Pregnancy · 3 min read
Pregnancy dates and weekly tracking
An estimated week based on dates can make a long stretch easier to organize. It is a timeline for your records, not an assessment of fetal development, wellbeing, or when care is needed.
Why weeks matter
Pregnancy is commonly counted from the first day of the last menstrual period. ACOG explains that pregnancy dating is commonly described as about 40 weeks from that date. Your clinician may use other information and should replace an app estimate when they give you a different date.
What tracking pregnancy week by week can include
Body changes
Nausea, fatigue, sleep changes, discomfort, appetite shifts, and mood can change across pregnancy. Logging what you feel can help you prepare better questions for prenatal visits.
Records and context
Grouping your own entries by estimated week can help you remember when something happened. Dela also provides general development context for each week, with illustrative sample images and familiar size comparisons. The sample images are not to scale and are not ultrasound images or measurements, and Dela does not interpret your entries as a diagnosis or a measure of pregnancy wellbeing.
Visits and questions
Prenatal care is not only about appointments. It is also about remembering questions, symptoms to mention, and what your clinician has asked you to watch.

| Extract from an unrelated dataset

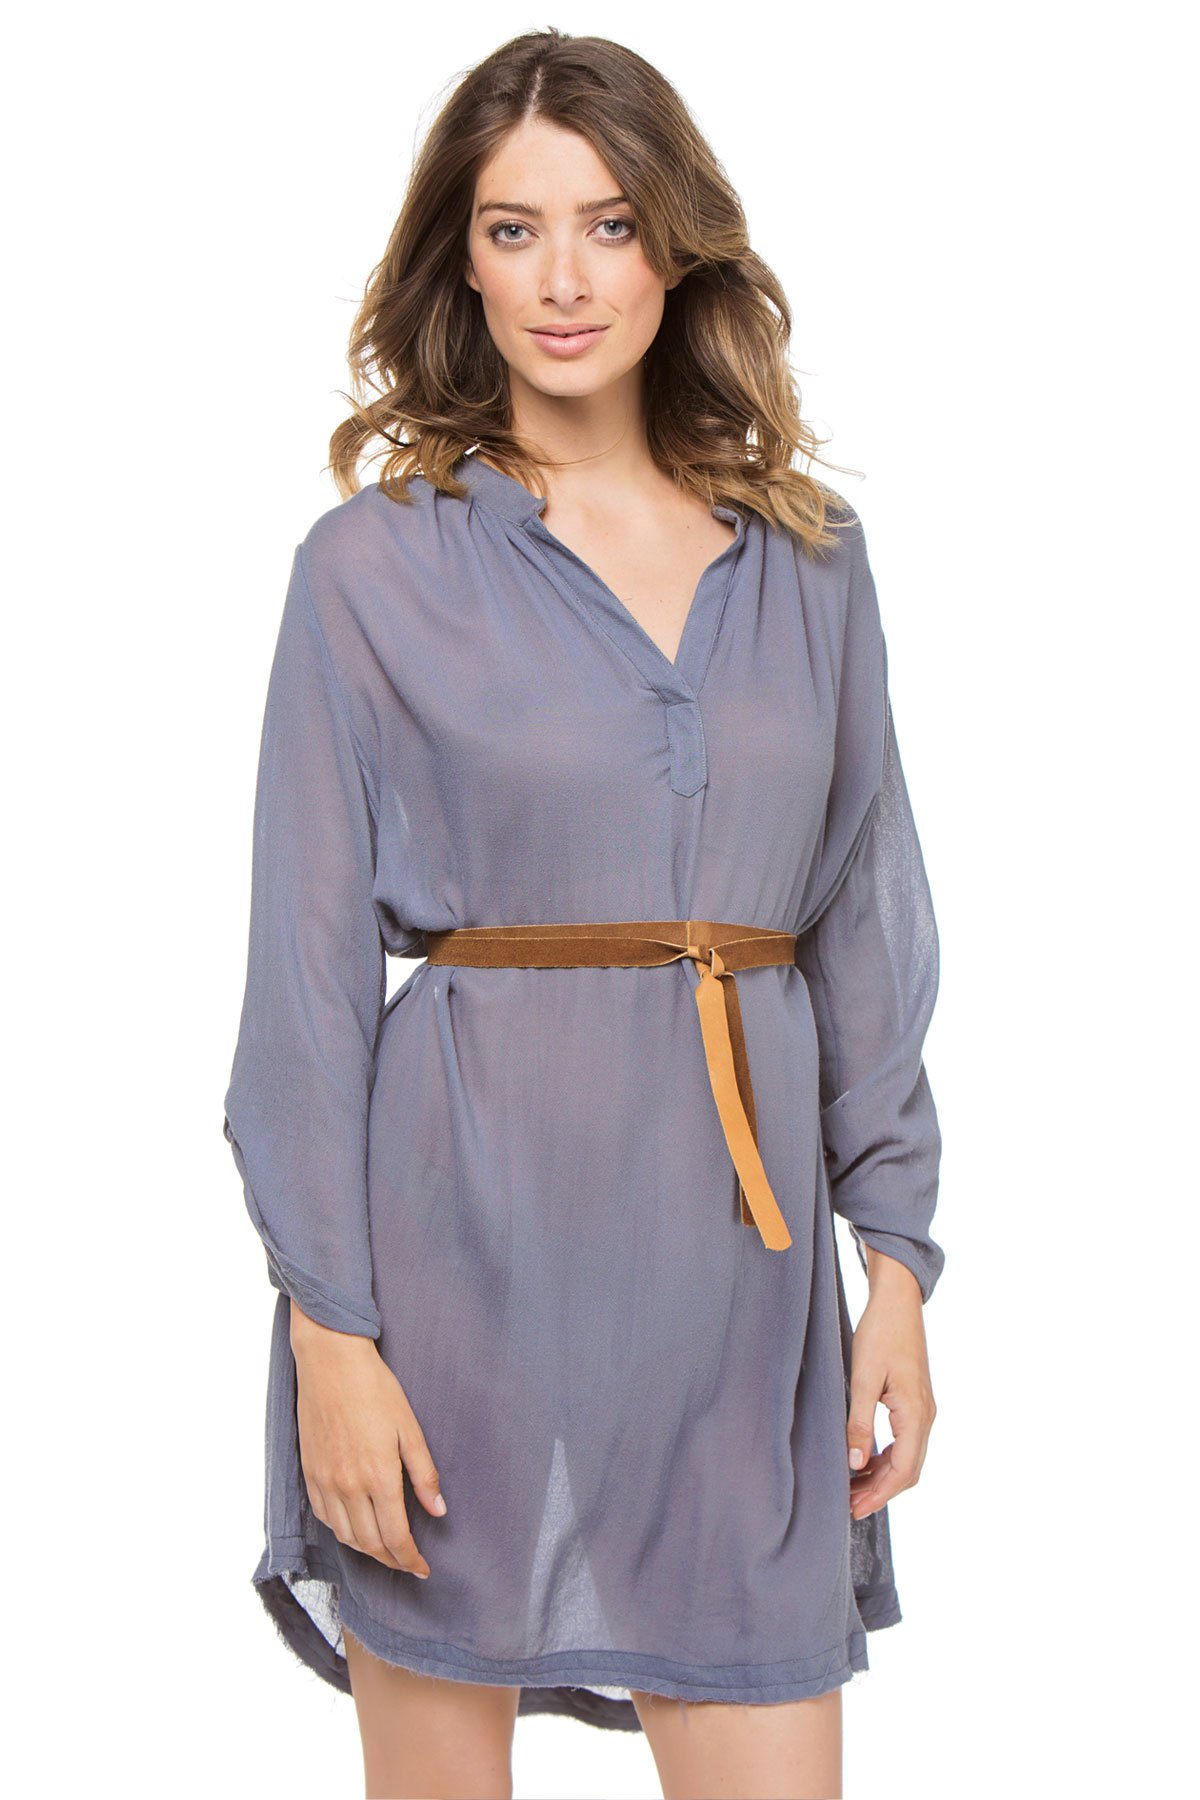 Eberjey Women's Summer Of Love Long Sleeve Dress Swim Cover Up Flint Stone S/M
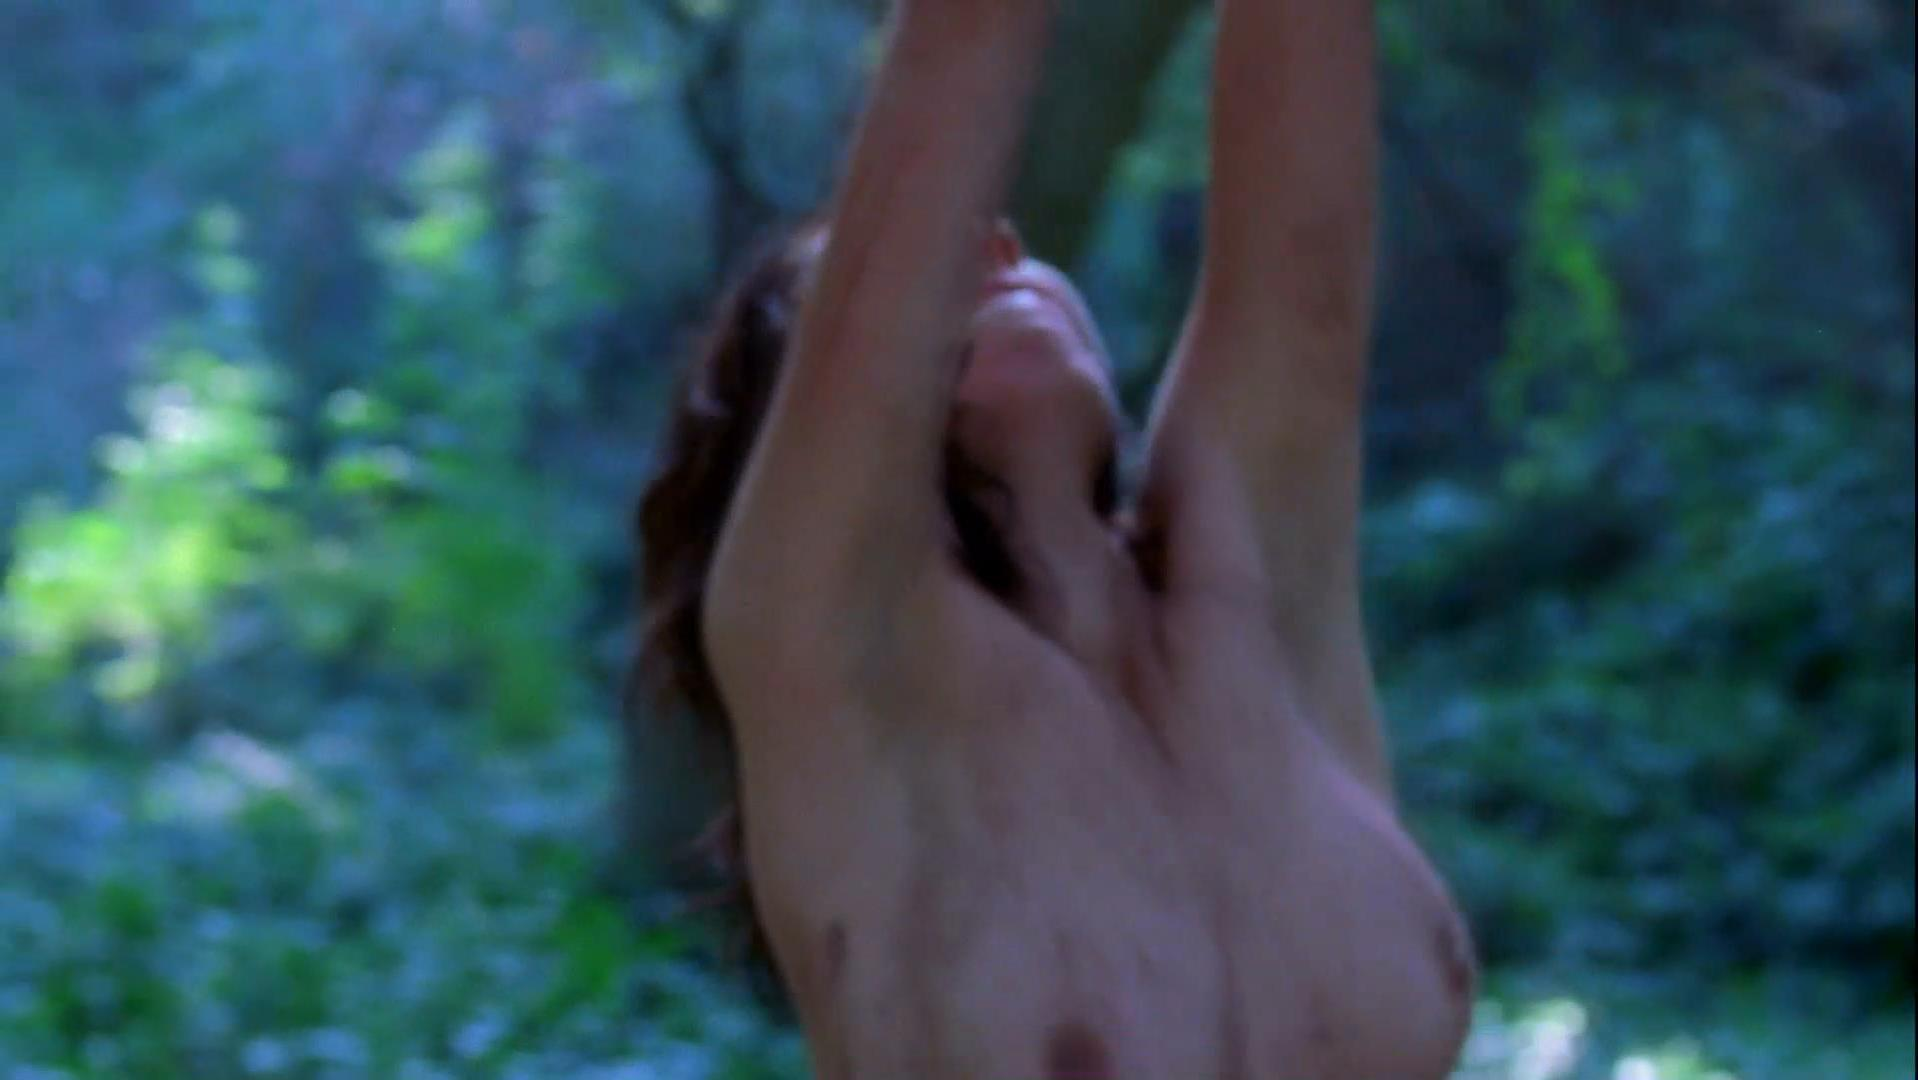 Tara Killian nude, Natalie Avital nude - Shallow Ground (2004)

Dela shows only the visits and reminders you choose to add.
How Dela helps
Dela's pregnancy mode gives you an estimated week and a countdown to your due date, a Week Explorer with general education and sample imagery, gentle daily logging, and a place for the visits and notes you choose to add. It does not generate a scan, measure fetal growth, assess development or wellbeing, or create a clinical visit schedule. Follow your clinician's dating and care plan when it differs from the app's general timeline.